🤖 AI Summary
This work addresses the frequent failure of large language model (LLM) agents in complex tasks due to runtime errors, a challenge exacerbated by the absence of systematic repair mechanisms and standardized evaluation benchmarks. The authors present the first comprehensive analysis of real-world error cases sourced from platforms like Stack Overflow and GitHub, distilling common repair patterns and introducing AgentDefect—the first defect benchmark dataset tailored for LLM agents. They propose SelfHeal, a multi-agent automated repair framework that leverages a dual ReAct agent architecture协同ating with an internal rule repository and external web search to generate and validate fixes.
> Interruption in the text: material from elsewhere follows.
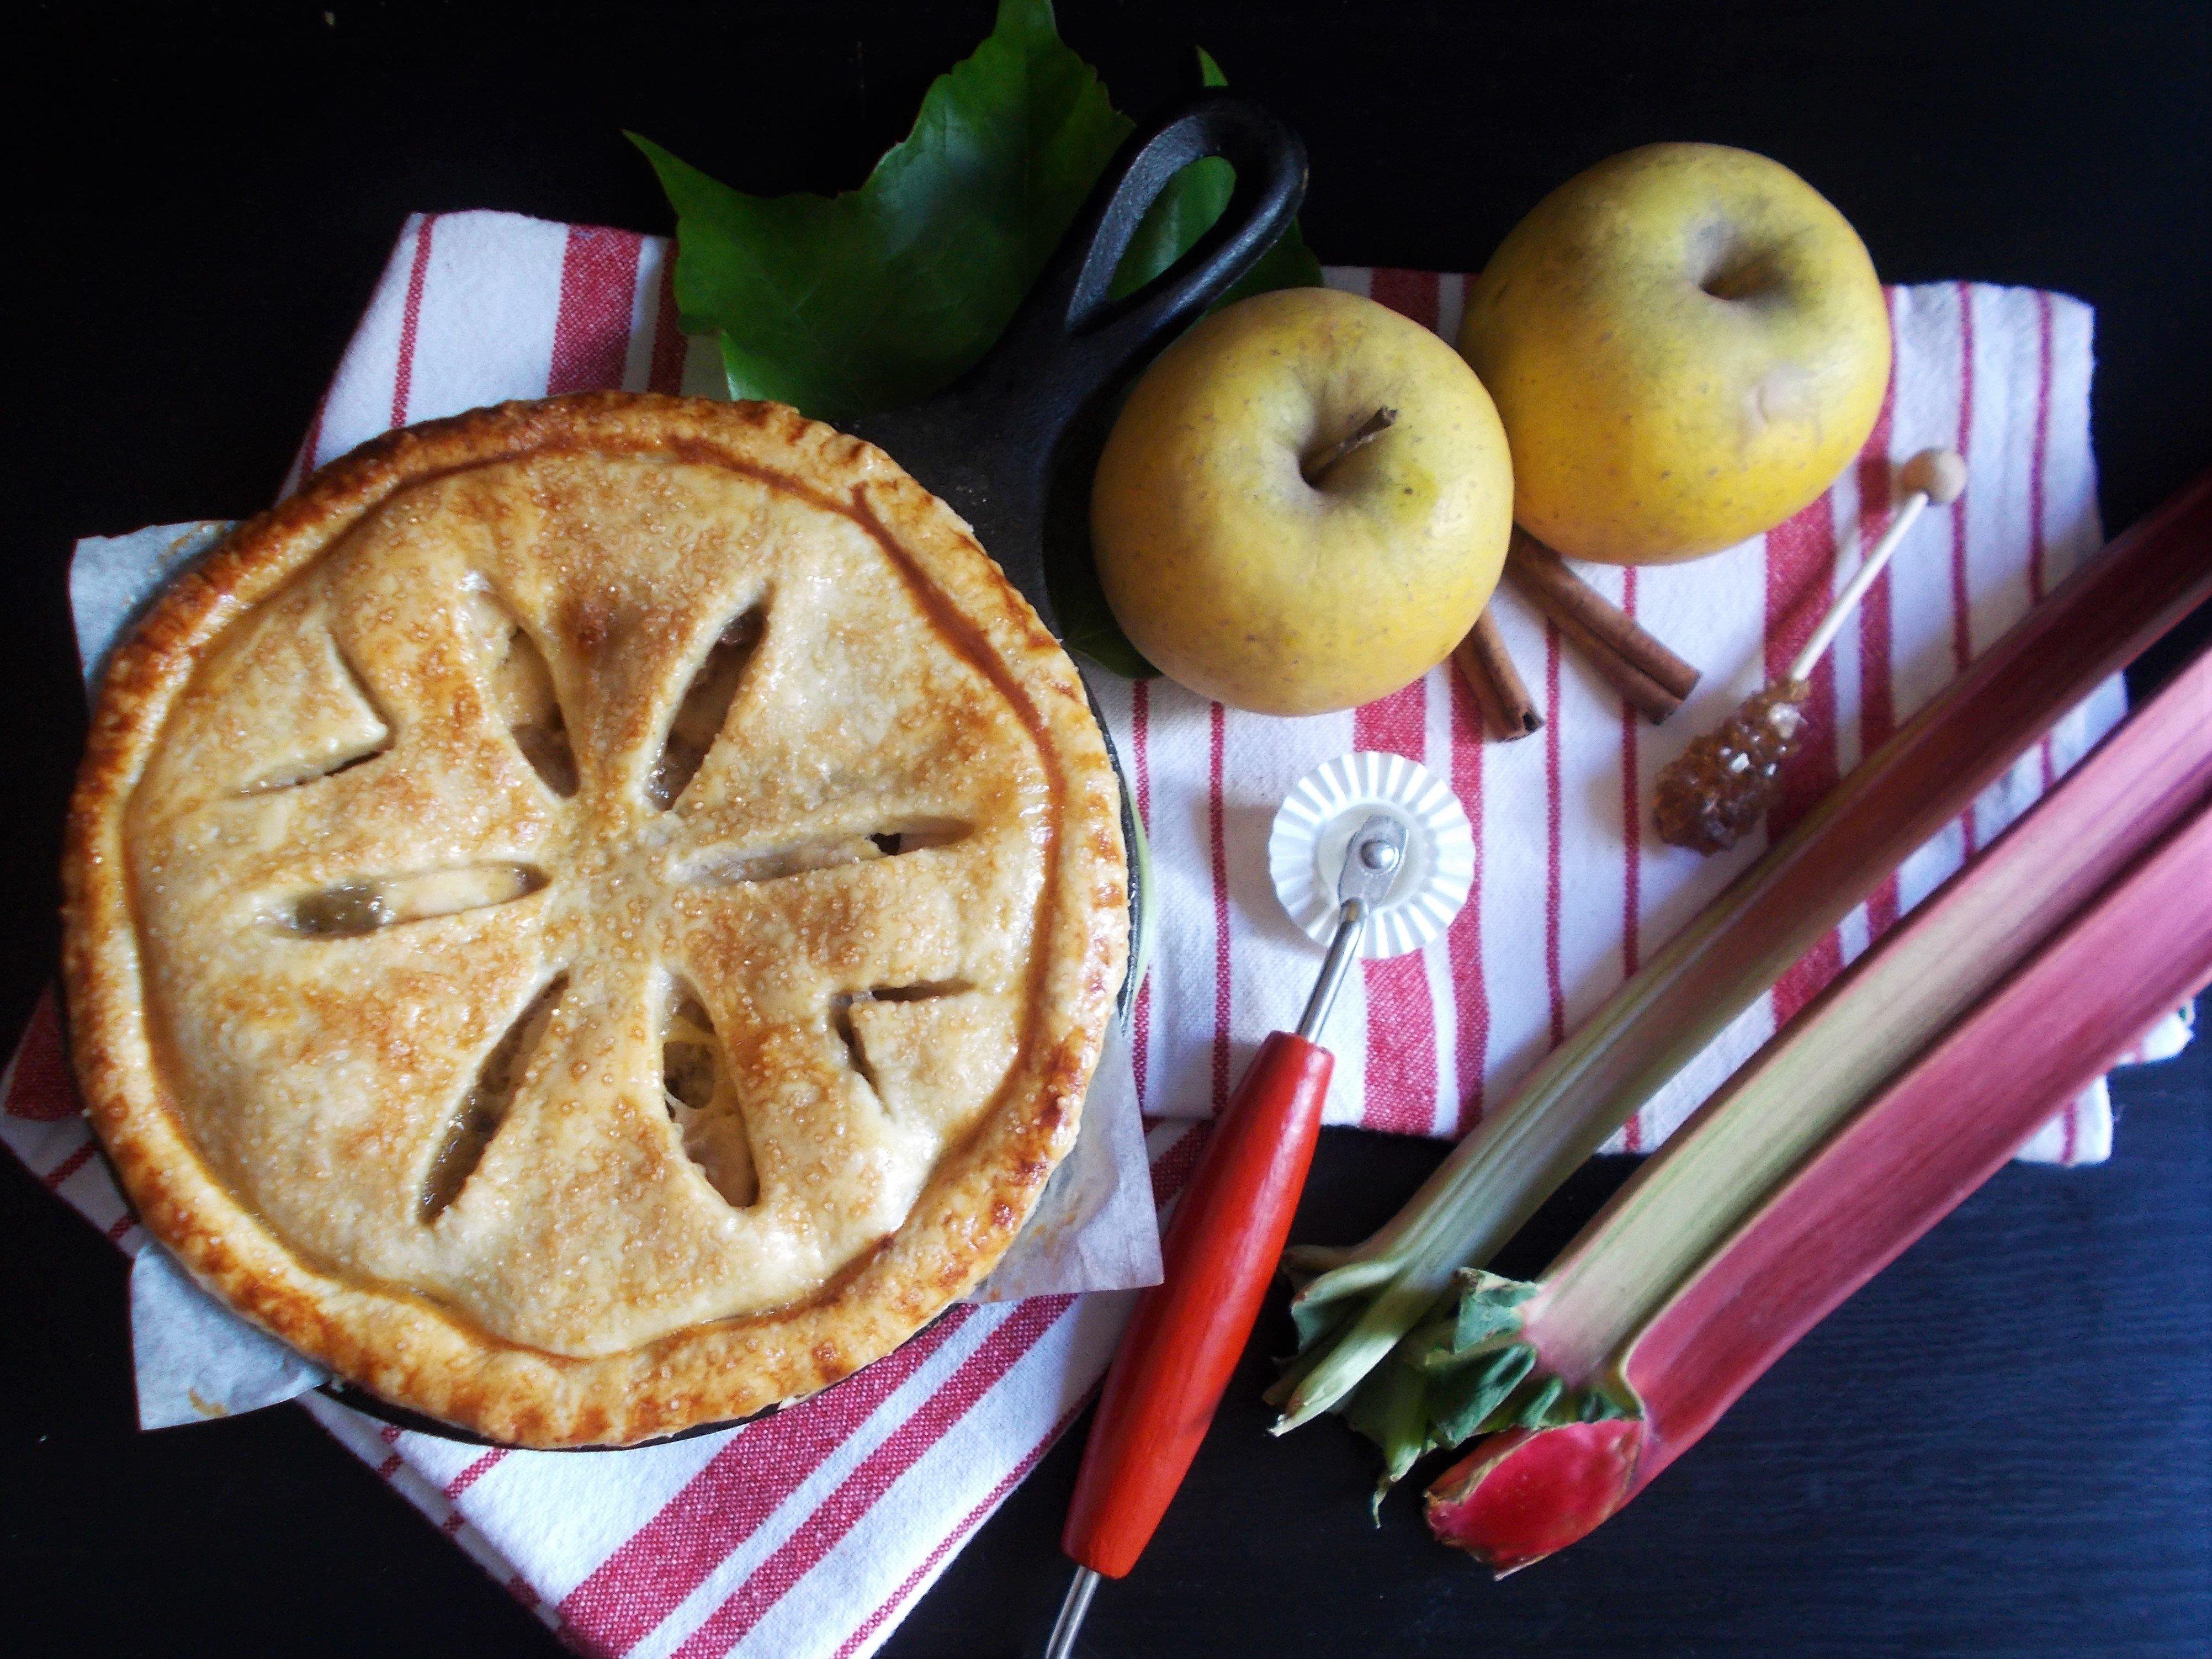 Apple Pie rhubarbe et raisins secs
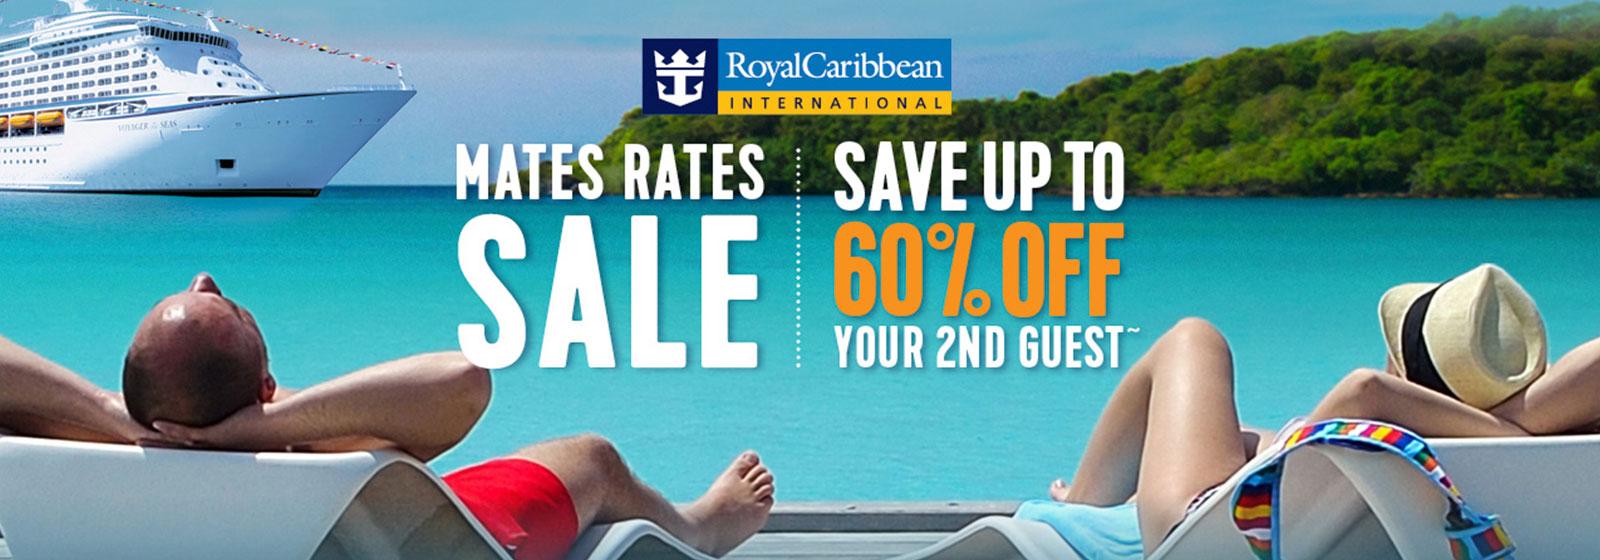 Royal Caribbean Mates Rates Sale

Experimental results demonstrate that SelfHeal significantly outperforms existing approaches on AgentDefect, successfully repairing 37 real-world defects and thereby validating its effectiveness and practical utility.
📝 Abstract
Large Language Models (LLMs) have transformed software development and AI applications. While LLMs are designed for text processing, LLM agents extend this capability by enabling autonomous actions, tool use, and multi-step task completion. As this field grows, developers face new challenges in debugging these complex systems. To address this challenge, we present the first empirical study on bug fix patterns in LLM agents. We study buggy posts and code snippets from three platforms: Stack Overflow, GitHub, and HuggingFace Forums. We examine their fix patterns, the components where fixes are applied, and the programming languages and frameworks involved. Furthermore, we introduce AgentDefect, the first benchmark dataset for bugs in LLM agents. The dataset contains 37 runtime buggy instances along with fixed code and test files. Finally, we present SelfHeal, a multi-agent system designed to fix bugs in LLM agents. The system leverages two independent ReAct agents: the fix agent and the critic agent. These agents use tools that provide both internal knowledge (fix rules) and external knowledge (web search) to propose and validate fixes. Our evaluation shows that SelfHeal with Gemini 3 Pro as the backbone LLM outperforms both baseline and state-of-the-art approaches by a significant margin.